To: Janice Shell who wrote (425)1/3/1998 6:49:00 PM
From: Bill Ulrich  Read Replies (1) | Respond to of 4711
 
&#133because time flies like an arrow, fruit flies like a banana.

(double-word score for multiple meanings&#151Scrabble, anyone?)

-MrB



To: Janice Shell who wrote (425)1/3/1998 8:41:00 PM
From: Tommaso  Respond to of 4711
 
"And can anyone explain to ME why there's a huge fly in my bedroom?"

No, but this is probably not the right time for you to read Emily Dickinson.

Now let's see, how do we make this relevant to this thread so as not to be rebuked.
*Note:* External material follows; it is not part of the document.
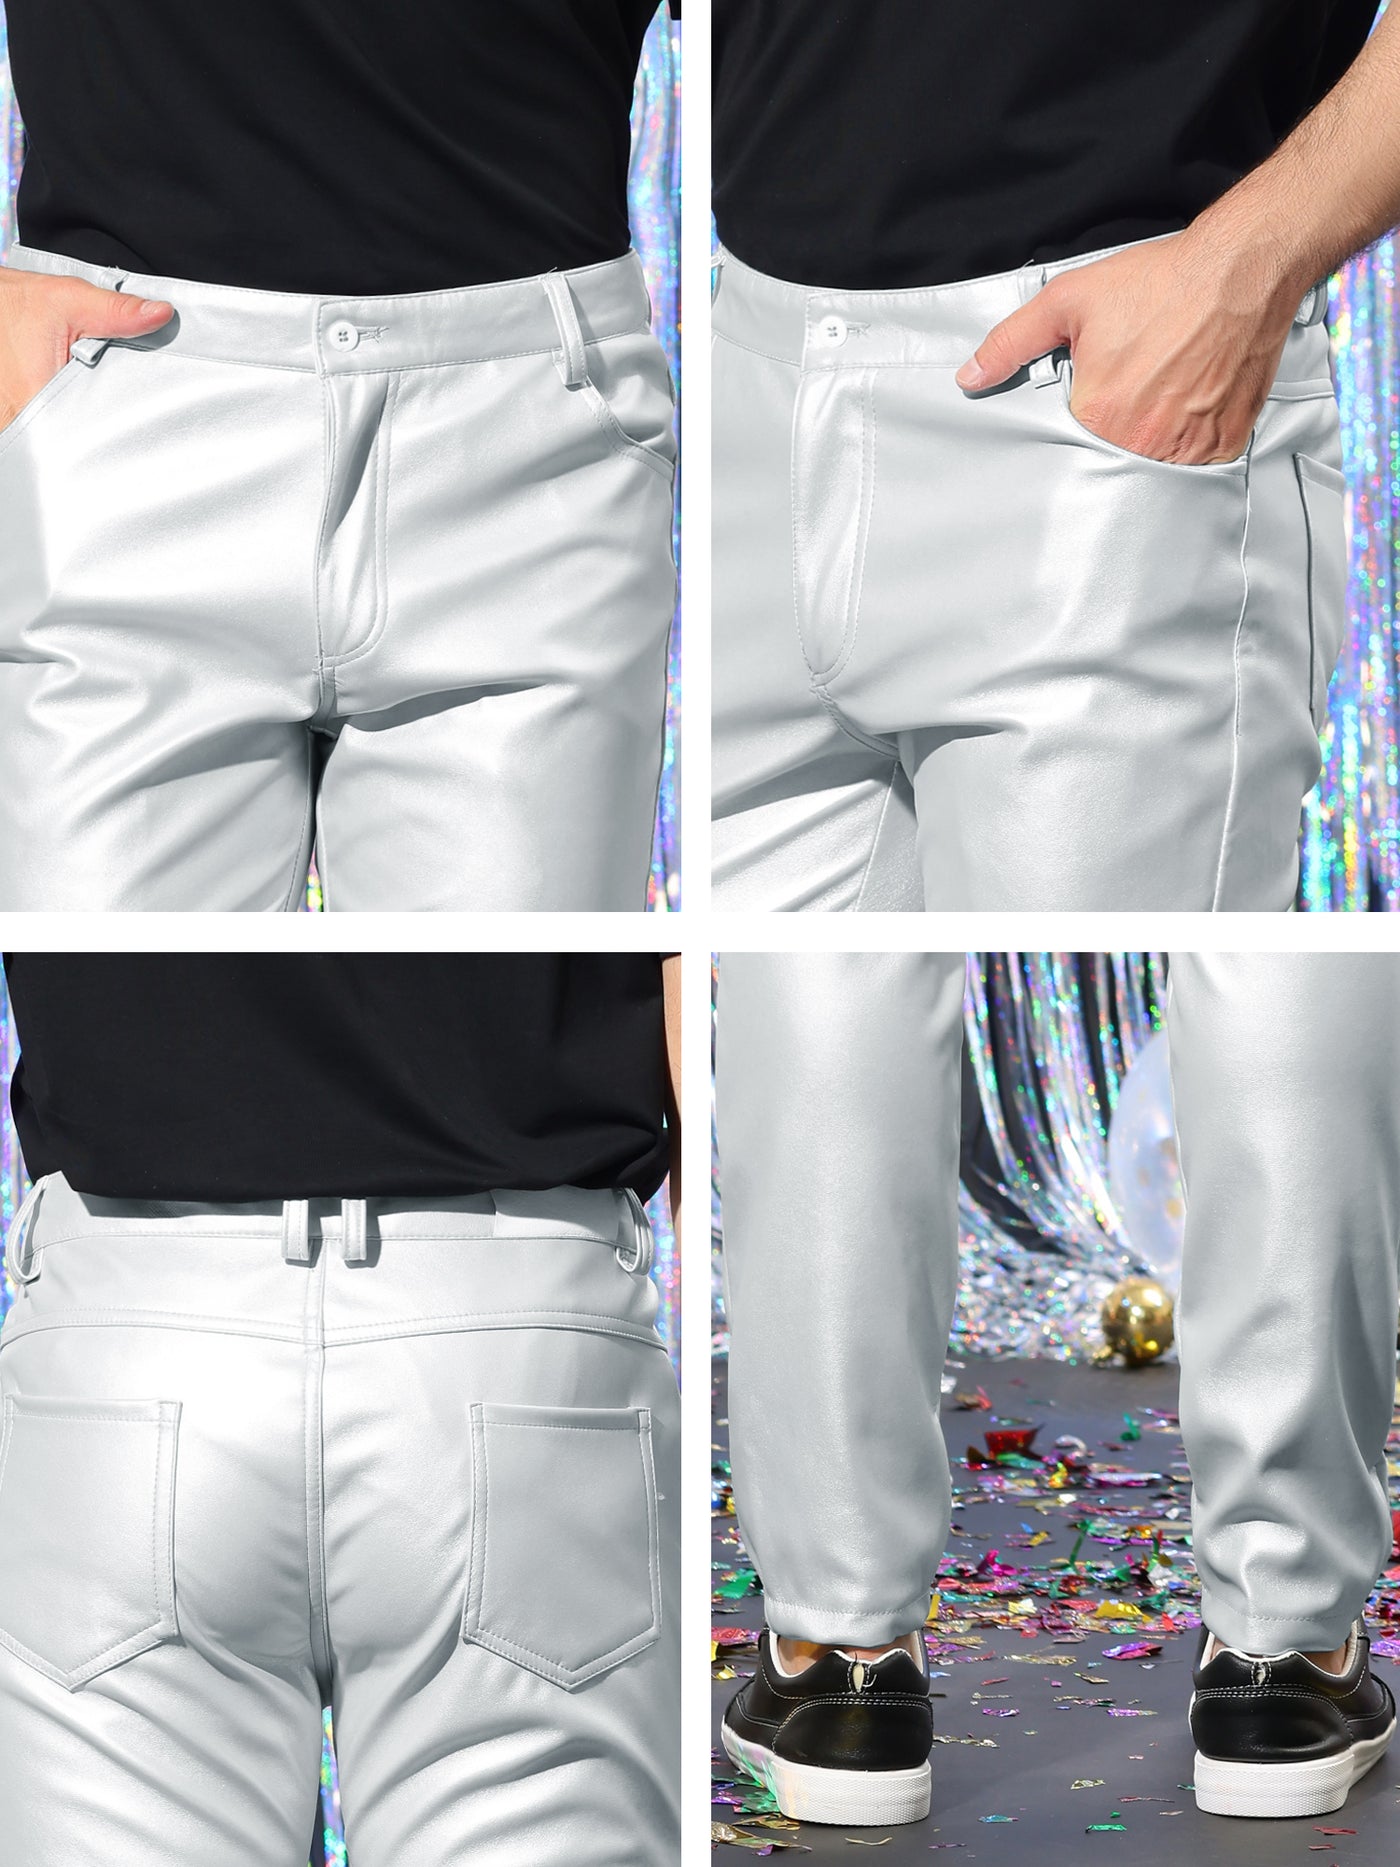 Bublédon Men's Metallic Pants Slim Fit Night Club Disco Shiny Faux Leather Pant

Well, to start with, students are continually marked down (in better institituions of higher learning) for "comma splices"--that is, pauses used as if they were connectives. But our greatest writers do that all the time. Emily Dickinson is a good example, she never worried about pucntuation of any sort, and in saying that I have introduced a comma splice. Katherine Anne Porter used them all the time.



To: Janice Shell who wrote (425)1/4/1998 12:23:00 PM
From: Jack Clarke  Respond to of 4711
 
Janice, Tommaso,

The ethical (emotional or expressive)dative, or as Fowler prefers, the ethic dative, is a nearly archaic dative used to bring in the speaker more or less parenthetically. I know that's confusing. Fowler's example: He that kills me some six or seven dozen of Scots at a breakfast.... The word "me" amounts to "just fancy" or some other parenthetical expression, according to Fowler.

But I don't see why it isn't just plain dative, i.e., "for me". Like, "Buy me a beer."

So I guess in answer to Tommaso's question, no, I can't explain it.